技术框架:系统包含三个核心智能体:1. LLM协议智能体,负责将自然语言协议转化为结构化子任务;2. VLM-RAG验证智能体,利用检索增强生成技术评估任务准备与完成状态;3. VLA具身智能体,基于轻量级策略执行具体动作。
关键创新:核心创新在于AugSmolVLA在线增强策略,专门针对实验室常见的透明器皿、强反光及过曝环境进行数据增强,有效提升了视觉模型在极端视觉扰动下的特征提取能力。
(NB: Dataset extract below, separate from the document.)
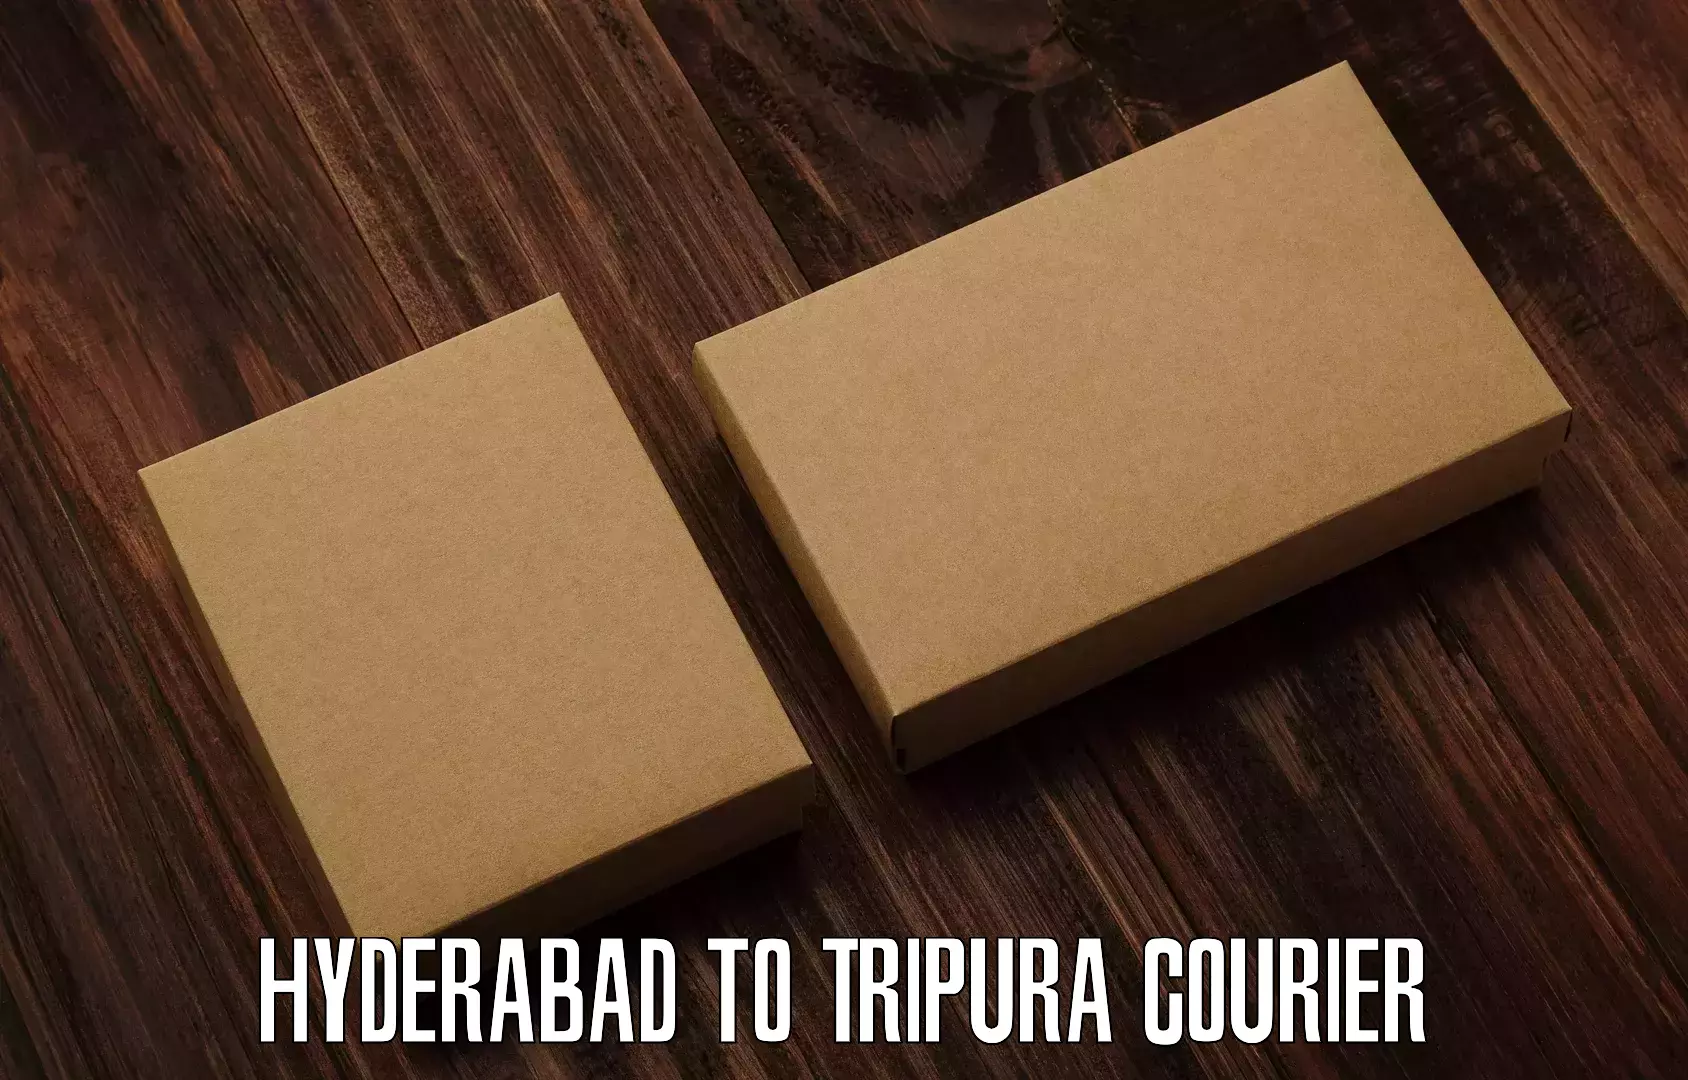 User-friendly delivery service Hyderabad to Kumarghat

关键设计:系统采用分层基准测试,涵盖原子任务到复合工作流。在模型训练中,通过集成机器人状态、视觉观测与成功/失败案例库,实现了基于闭环推理的策略优化,确保了系统在湿实验室环境中的高可靠性。
🖼️ 关键图片
📊 实验亮点
实验在15项原子任务、6项复合工作流及3项双臂任务中验证了系统性能。结果显示,AugSmolVLA在处理透明物体、复杂复合工作流及高曝光场景时,执行稳定性显著优于ACT、X-VLA及原始SmolVLA。特别是在视觉退化场景下,该系统展现了极强的鲁棒性,证明了其作为低成本、协议驱动型具身智能方案的有效性。
🎯 应用场景
该系统主要应用于生物实验室的自动化操作,如试管装载、液体移取、废弃物处理及盖子旋拧等任务。其低成本与高鲁棒性设计,使其在科研机构、制药企业及临床检测实验室具有广泛的推广价值,能够显著降低人工操作误差,提升实验流程的标准化与可重复性。
📄 摘要(原文)
Biological laboratory automation can reduce repetitive manual work and improve reproducibility, but reliable embodied execution in wet-lab environments remains challenging. Protocols are often unstructured, labware is frequently transparent or reflective, and multi-step procedures require state-aware execution beyond one-shot instruction following. Existing robotic systems often rely on costly hardware, fixed workflows, dedicated instruments, or robotics-oriented interfaces. Here, we introduce BioProVLA-Agent, an affordable, protocol-driven, vision-enhanced embodied multi-agent system enabled by Vision-Language-Action (VLA) models for biological manipulation. The system uses protocols as the task interface and integrates protocol parsing, visual state verification, and embodied execution in a closed-loop workflow. A Tailored LLM Protocol Agent converts protocols into verifiable subtasks; a VLM-RAG Verification Agent assesses readiness and completion using observations, robot states, retrieved knowledge, and success/failure examples; and a VLA Embodied Agent executes verified subtasks through a lightweight policy. To improve robustness under wet-lab visual perturbations, we develop AugSmolVLA, an online augmentation strategy targeting transparent labware, reflections, illumination shifts, and overexposure. We evaluate the system on a hierarchical benchmark covering 15 atomic tasks, 6 composite workflows, and 3 bimanual tasks, including tube loading, sorting, waste disposal, cap twisting, and liquid pouring. Across normal and high-exposure settings, AugSmolVLA improves execution stability over ACT, X-VLA, and the original SmolVLA, especially for precise placement, transparent-object manipulation, composite workflows, and visually degraded scenes. These results suggest a practical route toward accessible, protocol-centered, and verification-capable embodied AI for biological manipulation.